Knape v. Livingston Oil Co.

Citation193 Kan. 278,392 P.2d 842
Decision Date06 June 1964
Docket NumberNo. 43726,43726
PartiesHenry J. KNAPE, Appellee, v. LIVINGSTON OIL COMPANY, a Corporation, Appellant.
CourtUnited States State Supreme Court of Kansas

Syllabus by the Court

1. General findings in the nature of conclusions, if contradicted by specific detailed findings, cannot prevail, but are controlled by the must yield to such specific detailed findings of ultimate facts.

2. In an action to recover damages resulting from a collision of motor vehicles, the jury returned a general verdict for plaintiff and made special findings. Defendant appeals, contending the trial court erred in overruling its motion for judgment on the special findings. The record is examined and considered and, all as fully set forth in the opinion, it is held that a special finding absolving plaintiff of any negligence which was the proximate cause of the collision is general in character and in the nature of a conclusion, and, being contradicted by specific detailed findings, it therefore is controlled by and must yield to such other specific detailed findings of ultimate facts. Further held, the special findings are inconsistent with the general verdict and defendant's motion for judgment on the special findings notwithstanding the general verdict should have been sustained.

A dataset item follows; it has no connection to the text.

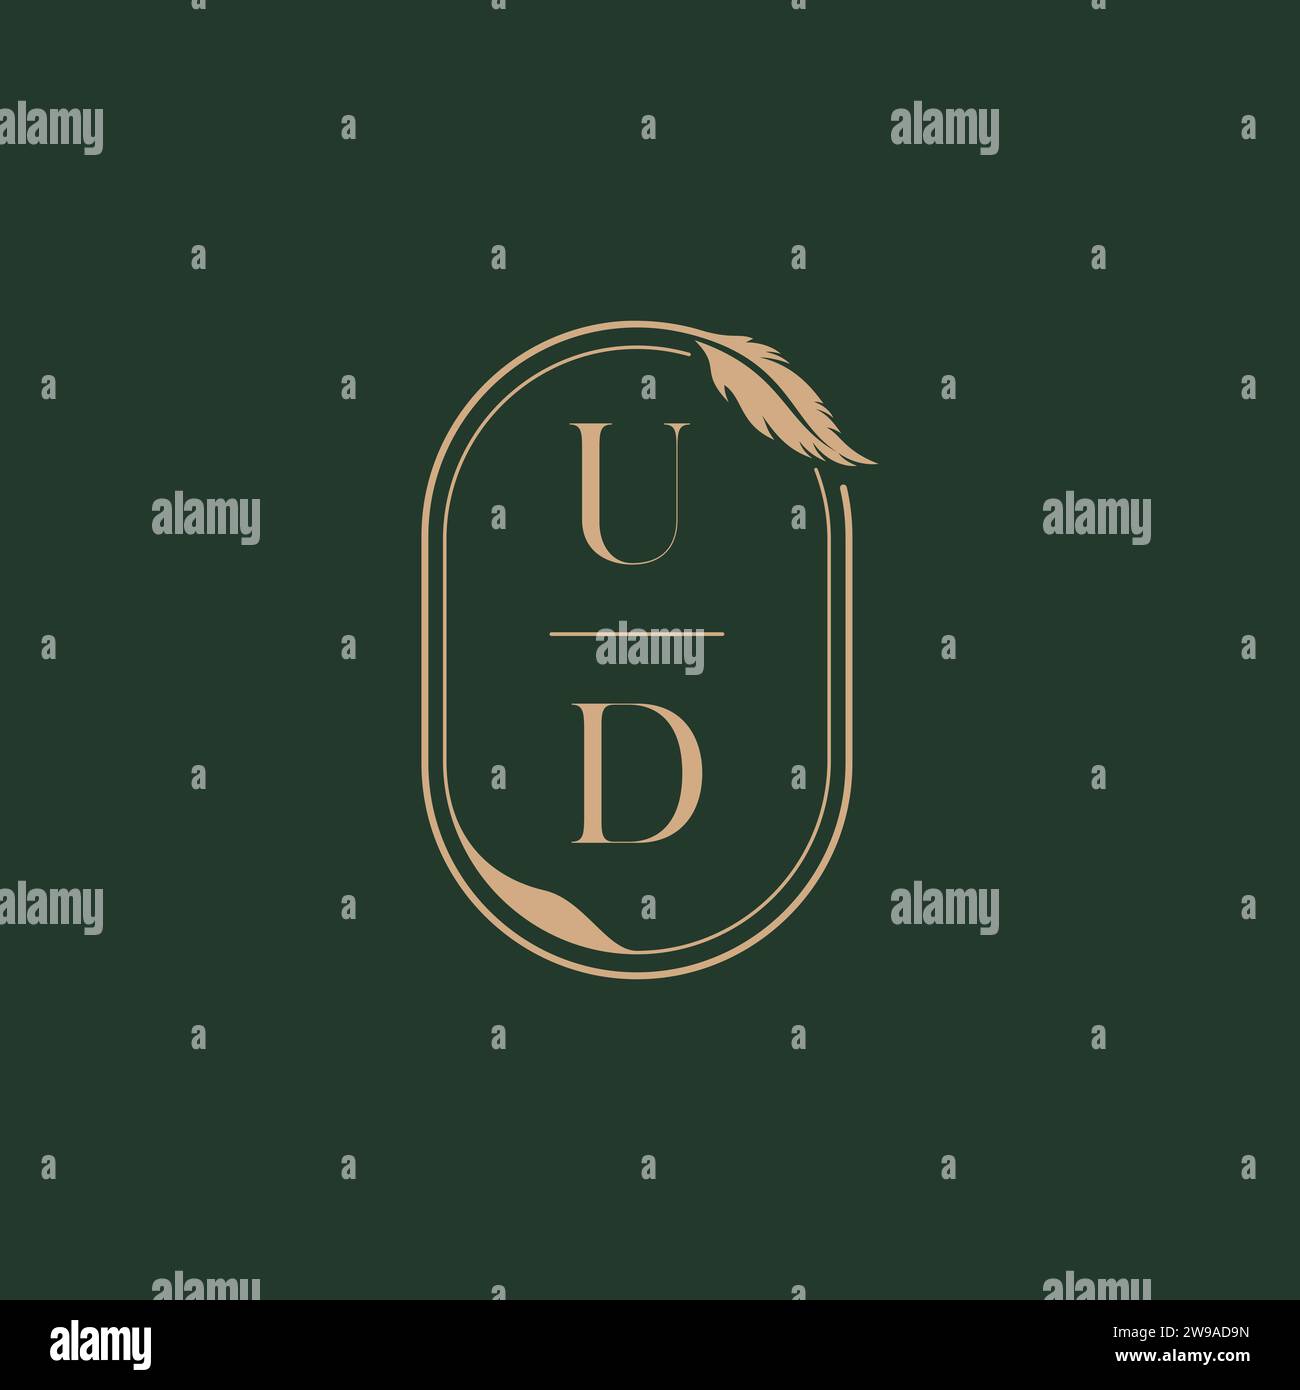 UD feather concept wedding monogram logo design ideas as inspiration Stock Vector

Jerry M. Ward, Great Bend, argued the cause, and Frank Hahn, Phillipsburg, and Tudor W. Hampton and Herb Rohleder, Great Bend, were with him on the brief for appellant.

William H. Stowell, Phillipsburg, and J. Eugene Balloun, Great Bend, argued the cause, and Doris Dixon Stowell, Phillipsburg, and H. Lee Turner, Great Bend, were with them on the brief for appellee.

PRICE, Justice.

This was an action to recover for personal injuries and property damage arising out of an automobile collision. Judgment was for plaintiff, and defendant has appealed.

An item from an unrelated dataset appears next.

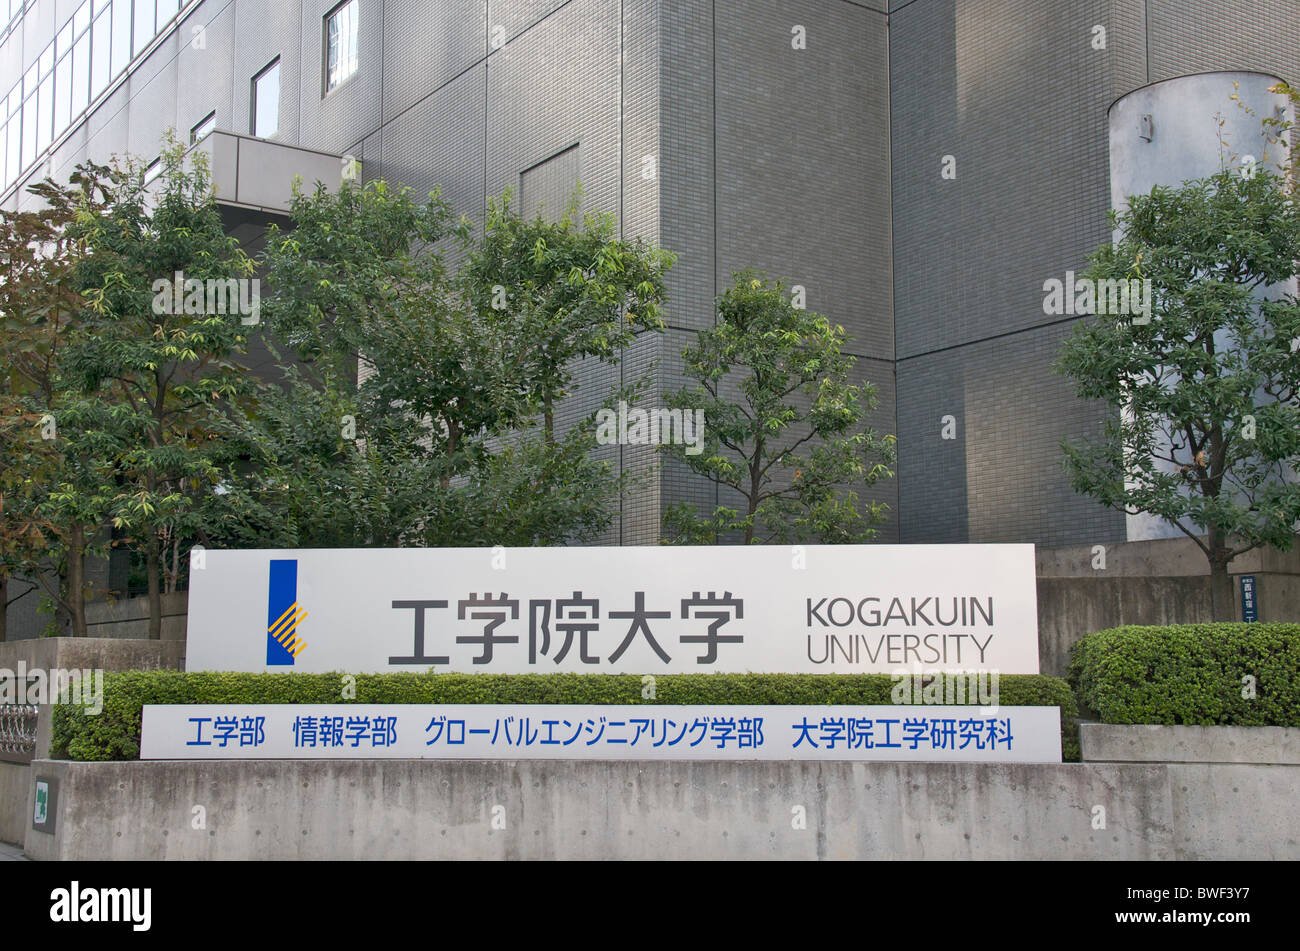 Kogakuin university,  Shinjuku, Tokyo, Japan Stock Photo

The only question presented is whether the special findings of the jury compel a judgment for defendant notwithstanding the general verdict in favor of the plaintiff.

A brief summary of the facts is sufficient to show the picture.

At about 8:30 on the morning of June 21, 1960, plaintiff left home and proceeded to drive his car in an easterly direction over a dirt township road with which he was completely familiar. The road was about seventeen or eighteen feet wide and was quite hilly. He proceeded up and down three hills within about the first one and one-half miles. He then proceeded up a rather sharp hill which obstructed his vision to the east until he reached the crest. As he topped the crest he saw a pickup truck coming up the hill from the east. He applied his brakes and skidded in an easterly direction down the hill for approximately forty-three feet before the collision. Plaintiff's car was damaged and he sustained personal injuries. The driver of the pickup truck, which was owned by defendant company, died the next day as the result of the collision and without making any statement. The day was clear and the narrow dirt road was dry. Due to the nature and width of the road there were not two so-called well-defined traffic lanes. The evidence was to the effect that immediately prior to and at the time of the collision both vehicles were being driven in the middle of the road.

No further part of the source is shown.